The Earth and all species including humans are threatened with imminent ecological ruin. You should be afraid, very afraid. Yet real hope remains that fundamental social change can avert looming failure of global ecosystems. The biggest current obstacle to such change is that now that everyone, every product and every business claims to be "green"; we have been diverted from urgent, adequate ecological change required to secure being.

Many mainstream (and some "radical") environmentalists, most businesses and essentially all governments are greenwashing -- misleading the public regarding the environmental benefits of their practices, policies and products. Certified FSC logging destroys ancient forests, climate and water. Coal is unlikely to ever be clean as existing plants emit into the atmosphere, and sequestration is unproven. Biofuels hurt the environment, geo-engineering will destroy remaining natural processes, and buying more stuff is rarely good for the environment.

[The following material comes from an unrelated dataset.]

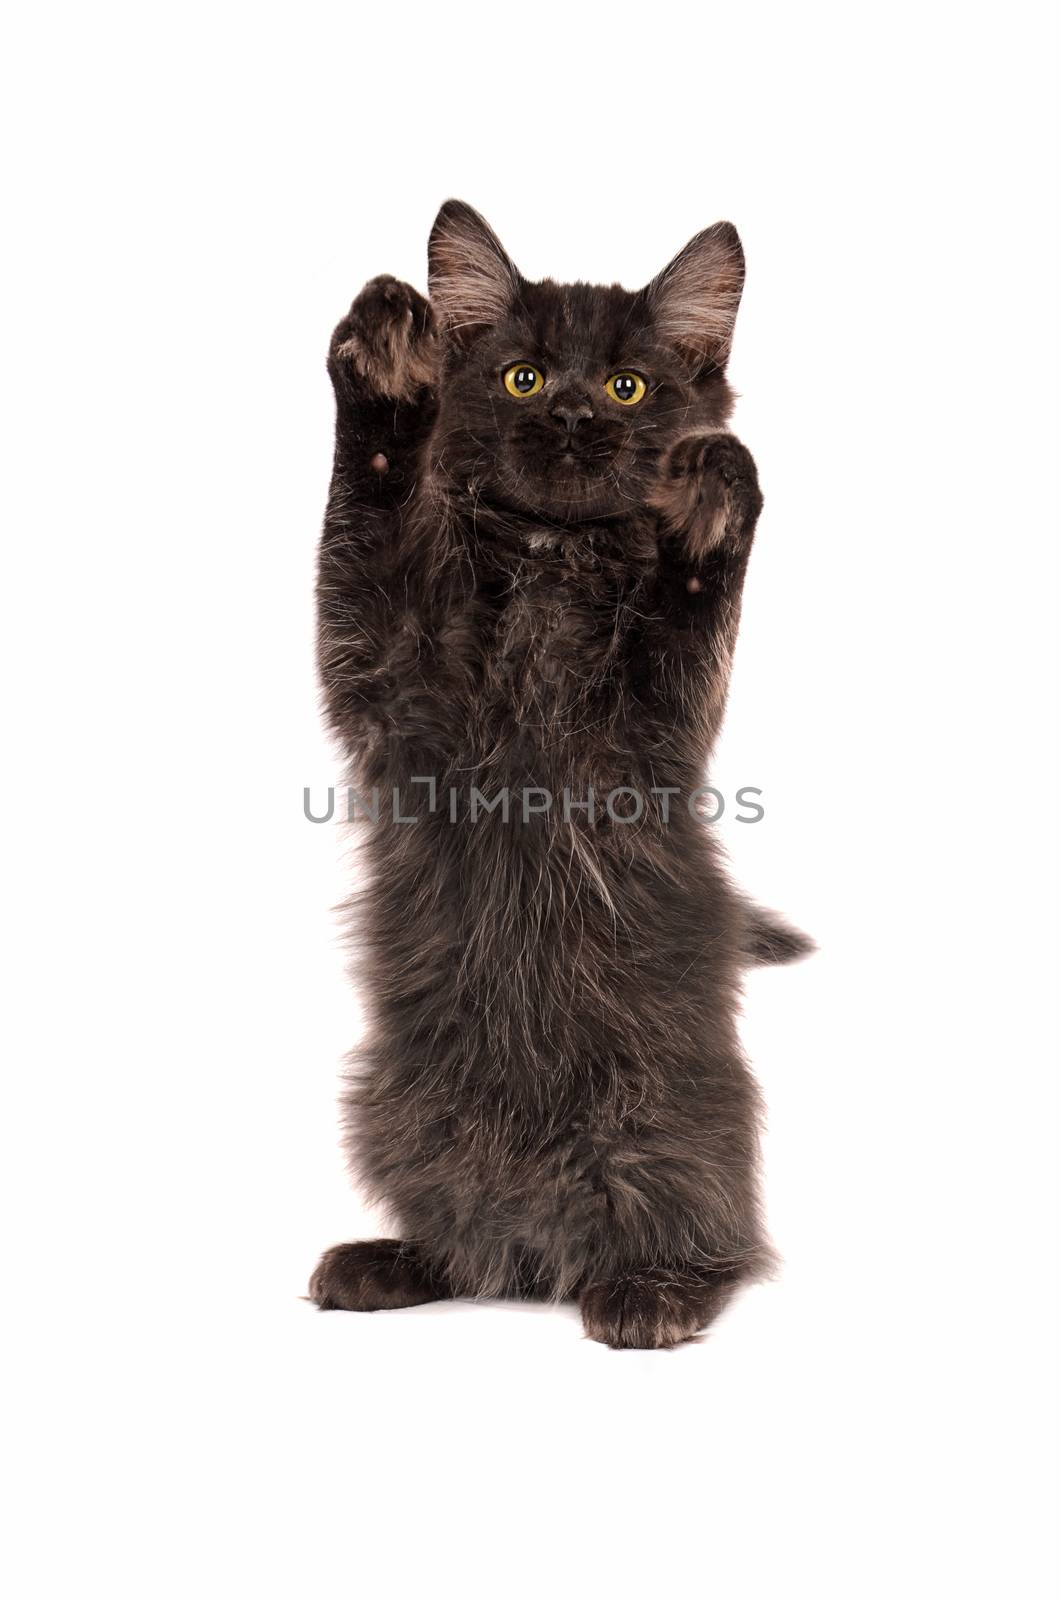 A fluffy black kitten standing on a white background
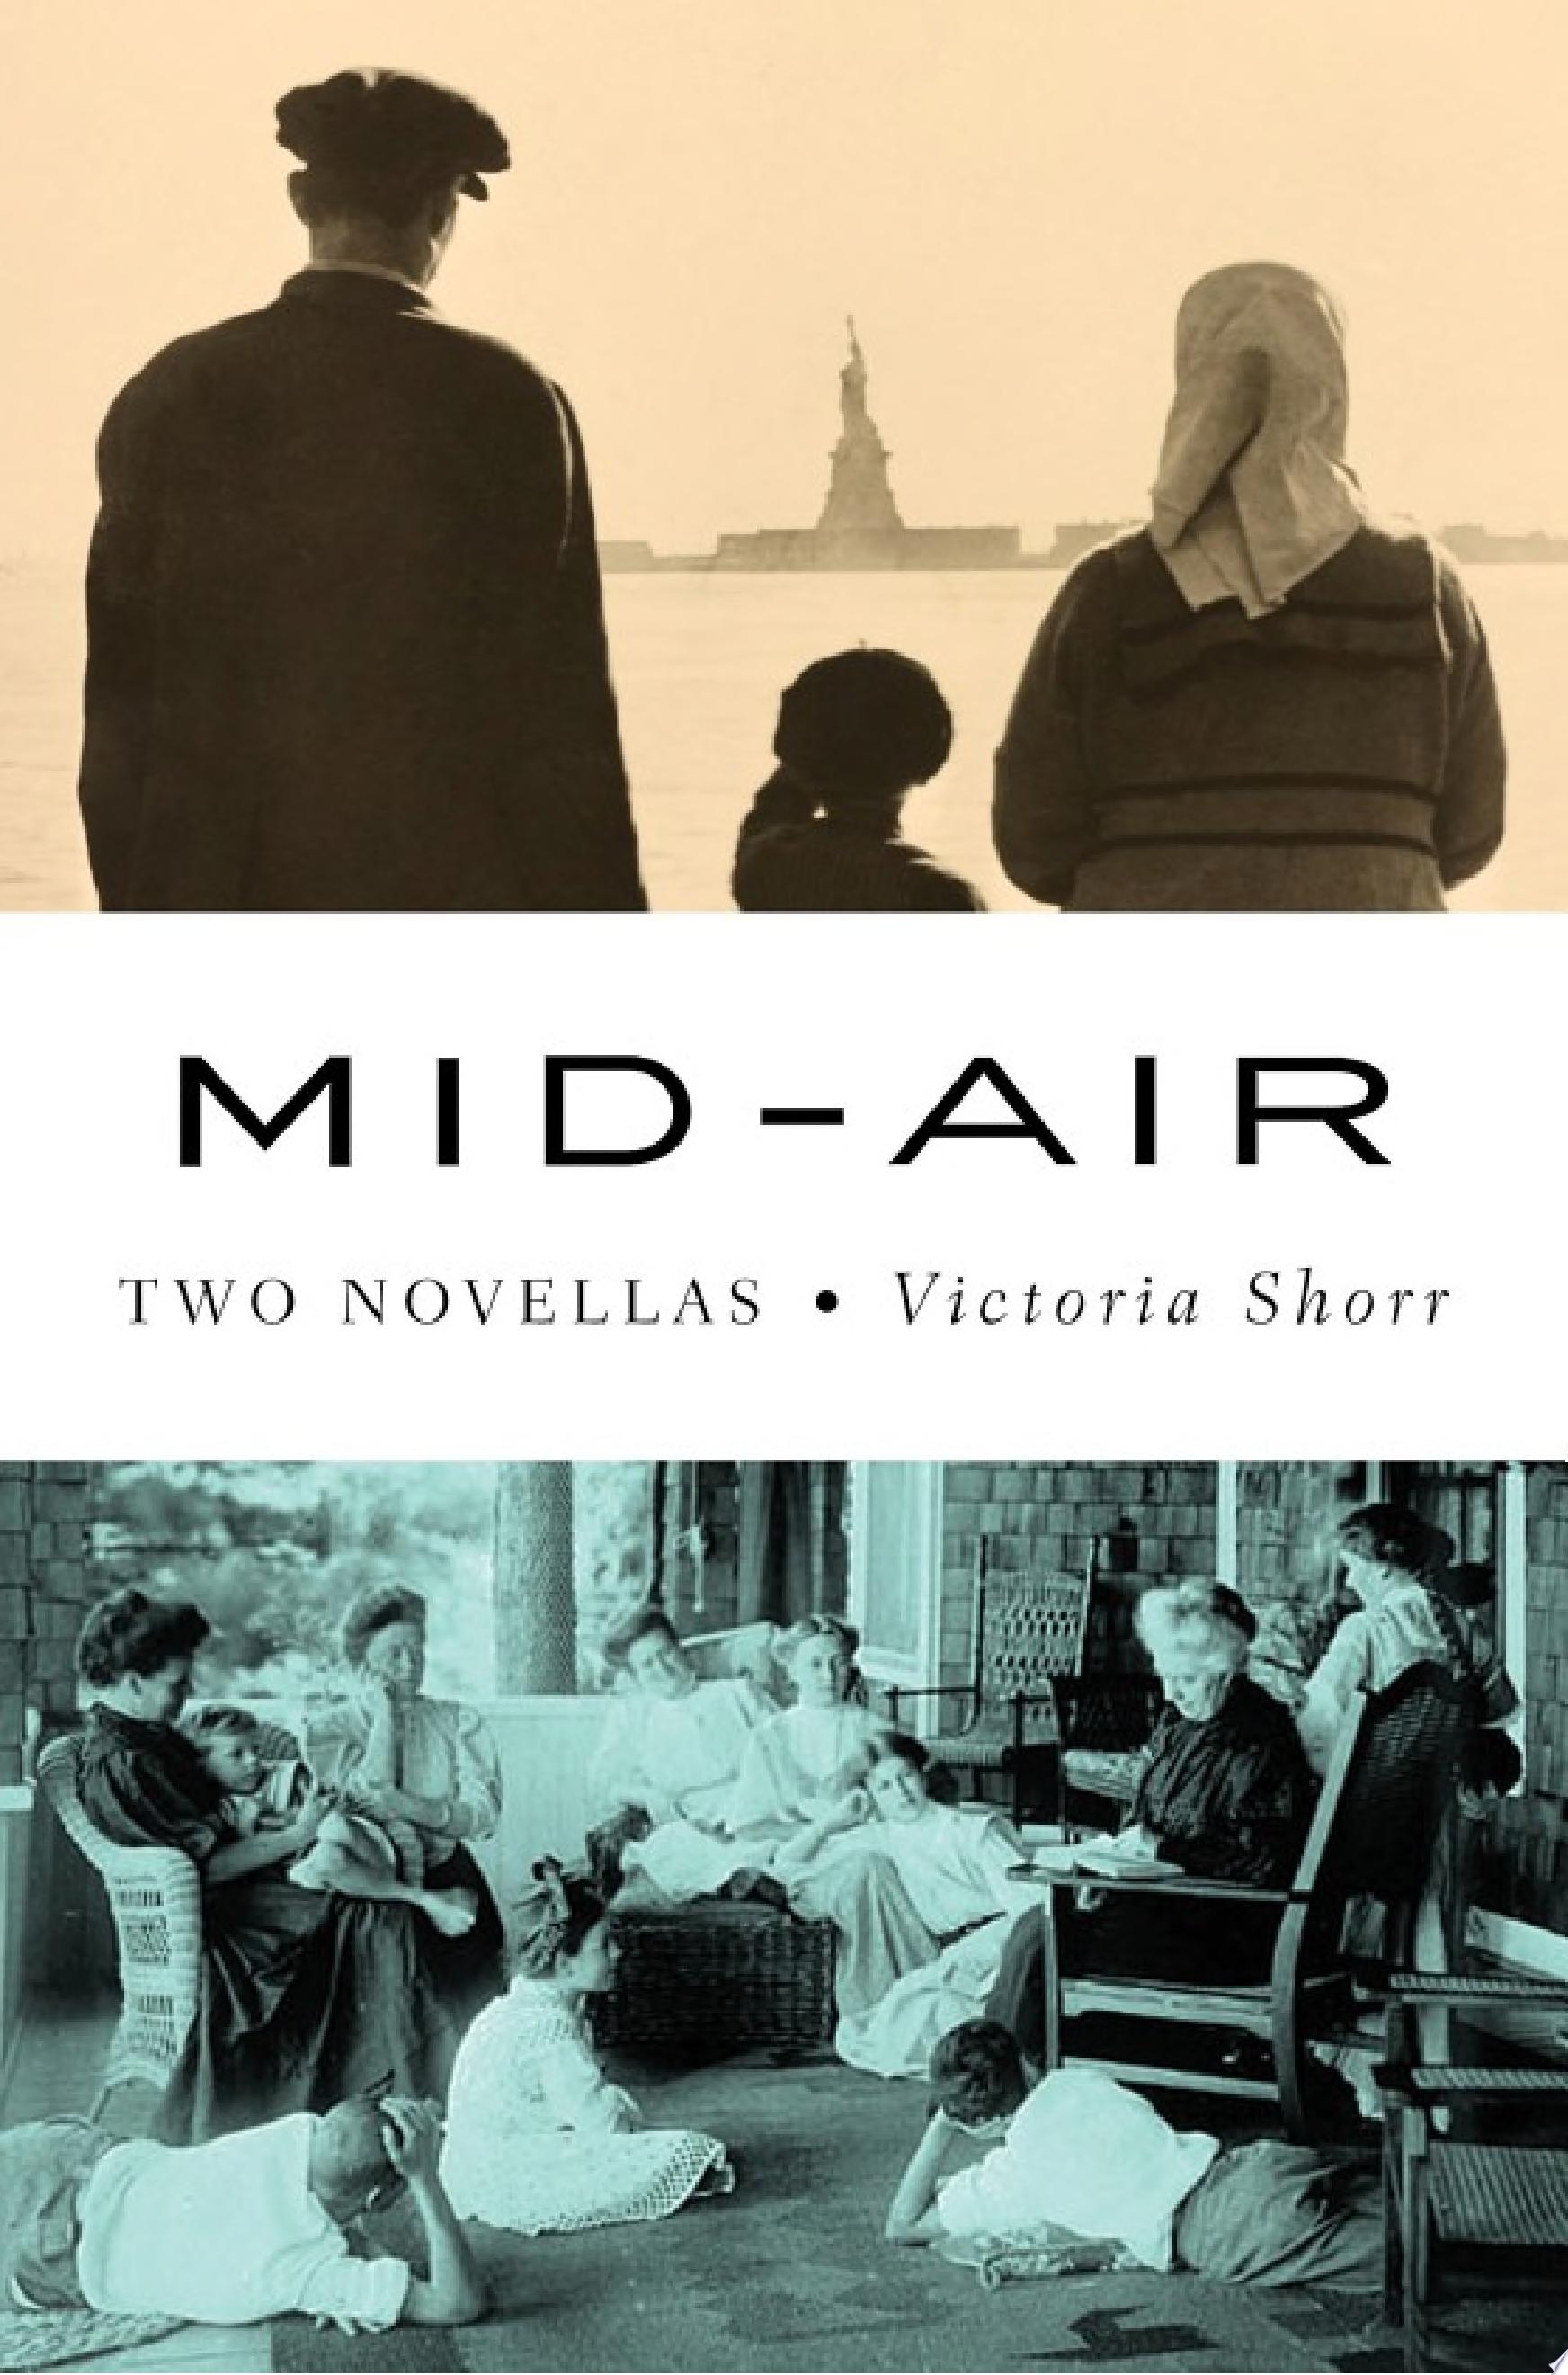 Image for "Mid-Air: Two Novellas"

It is time to stop the greenwashing. After two decades of successfully raising awareness regarding climate change, forest protection and other challenges to global ecological sustainability; increasingly my time is spent reacting to dangerous, insufficient responses that fail to address root causes of ecological decline, provide a false sense of action, and frequently consolidate and do more environmental harm.

Many "greenwash" to make money, some to be perceived as effective advocates, while others believe incremental progress without changing the system is the best that can be done. Yet all are delaying policies necessary simply to survive. The greatest obstacle to identifying, refining, espousing and implementing policies required to maintain a habitable Earth may come from "environmentalists" proposing inadequate half-measures that delay and undermine the rigorous work that must be done to bring humanity back into nature's fold.

Sufficient policies required to save the Earth are massive in scope and ambition. Deep-seated change is required in how we house, feed and clothe ourselves; in our understanding of acceptable livelihoods and happy lives; and in our relationship with the biosphere and each other. To maintain a livable Earth there is no alternative to less people and consumption, a smaller and restorative economy, and an end to cutting natural vegetation and burning fossil fuels.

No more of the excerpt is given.